Getting Started with structr • structr

library(structr)
#> Registered S3 method overwritten by 'structr':
#>   method     from    
#>   print.json jsonlite

Introduction

Have you ever had trouble with data-type consistency when interacting with external systems like a web API or a database? It is not uncommon for JSON parsers in R to fail to parse and serialize data to the specification of the external system.

For example, let’s say an API requires a field in a JSON object to be a single scalar integer value. However, you get constant 400 Bad Request because packages like jsonlite serialize the integer as a vector of length 1. If the API requires a nested structure unbox values becomes very impractical.

The structr package provides a solution to this problem by allowing you to define a structure for your data and then serialize and deserialize it to and from JSON. (With the added benefit of being blazingly fast.)

Defining a structure

Defining a structure with structr involves combining different data-types to build complex structures. These are combined through the s_* functions like ?s_map, ?s_vector, ?s_string and others.

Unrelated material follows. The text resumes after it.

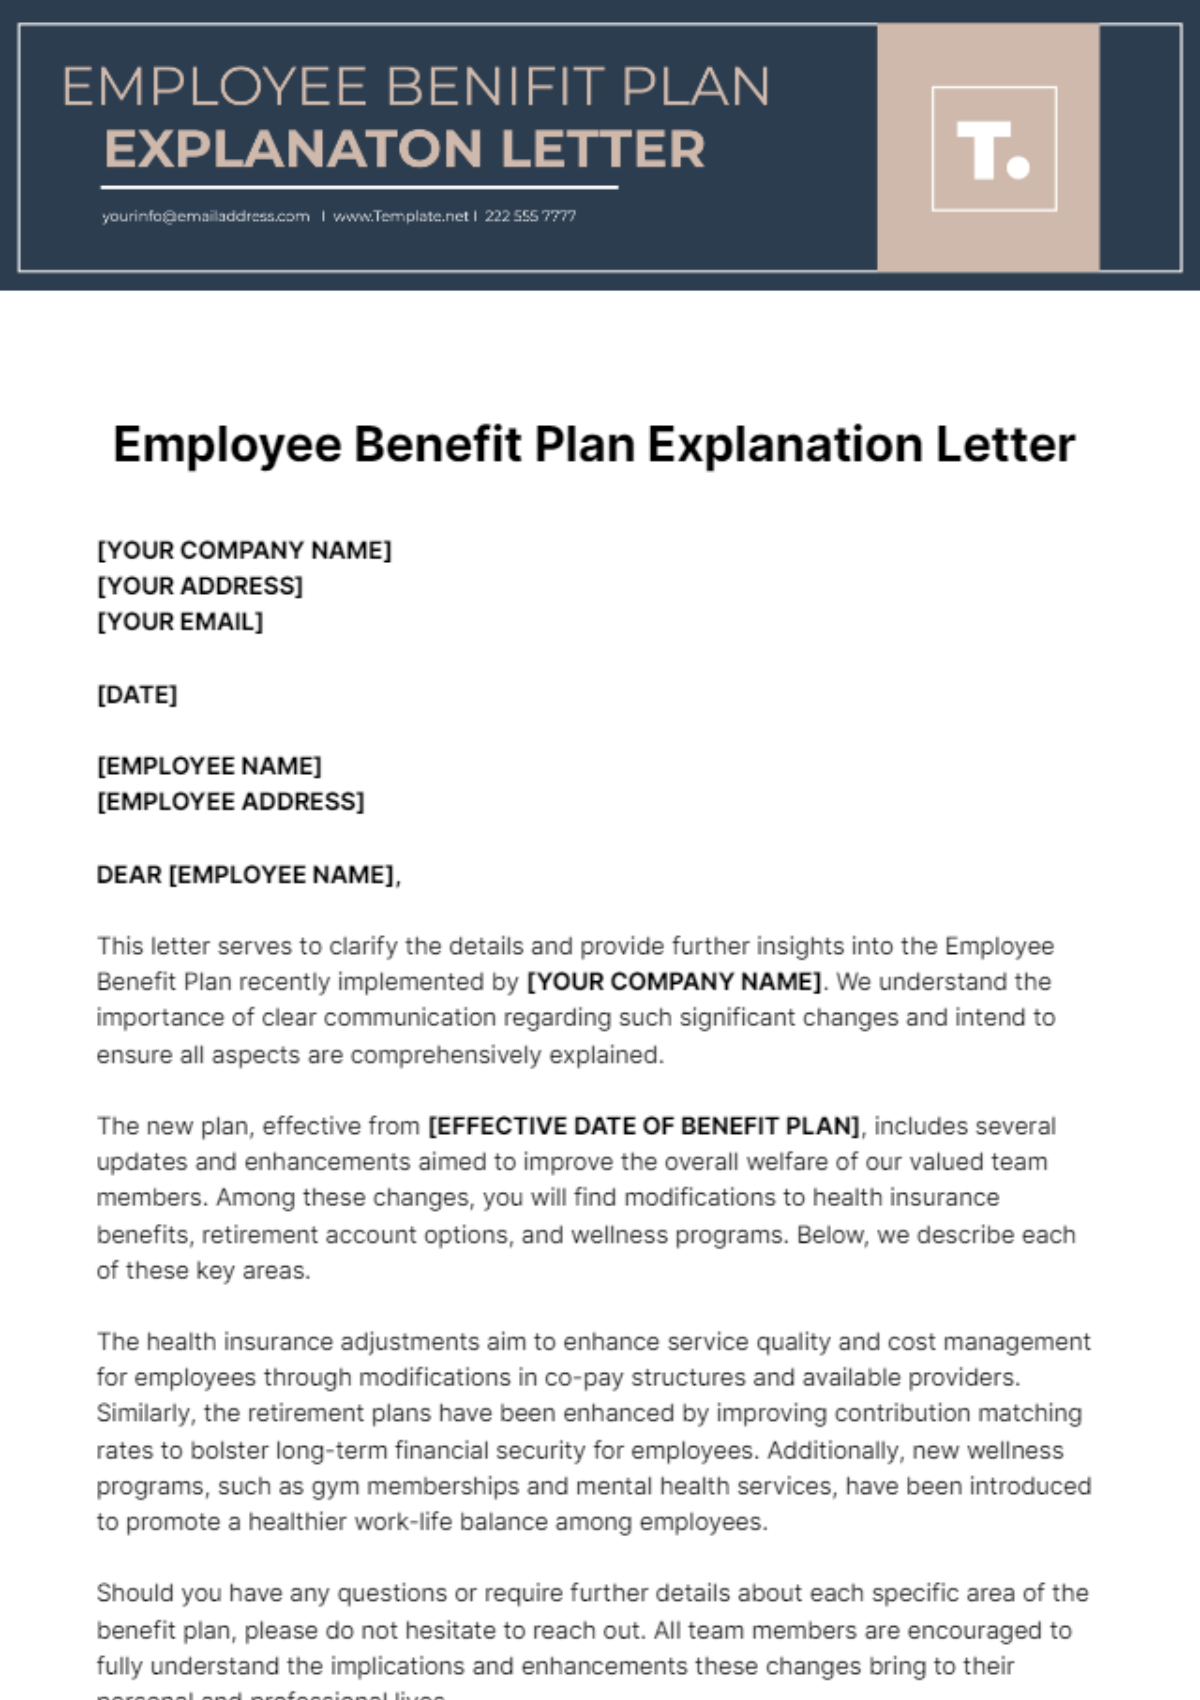 Employee Benefit Plan Explanation Letter Template

Once the desired structure is reached it has to be compiled using the ?build_structure function. The compiled version is what will be used to parse or serialize the structures we want.

structure_basic <- build_structure(
  s_map(
    x = s_integer(),
    y = s_double(),
    z = s_optional(s_string())
  )
)
print(structure_basic)
#> Map {
#>     fields: {
#>         "x": Integer,
#>         "z": Optional(
#>             String,
#>         ),
#>         "y": Double,
#>     },
#>     ignore_extra_fields: false,
#>     expected_fields_str: [
#>         "x",
#>         "z",
#>         "y",
#>     ],
#> }

Parsing JSON

We can use a structure like the one defined above to parse a JSON exactly to the specification.

json_str <- '{"x": 1, "y": 99.9, "z": "value"}'

parse_json(json_str, structure_basic)
#> $x
#> [1] 1
#> 
#> $y
#> [1] 99.9
#> 
#> $z
#> [1] "value"

You may have noticed that z is a combination of ?s_optional and ?s_string. This is because structr is non-null by default. Every field is required be default, meaning it cannot be NULL or NA.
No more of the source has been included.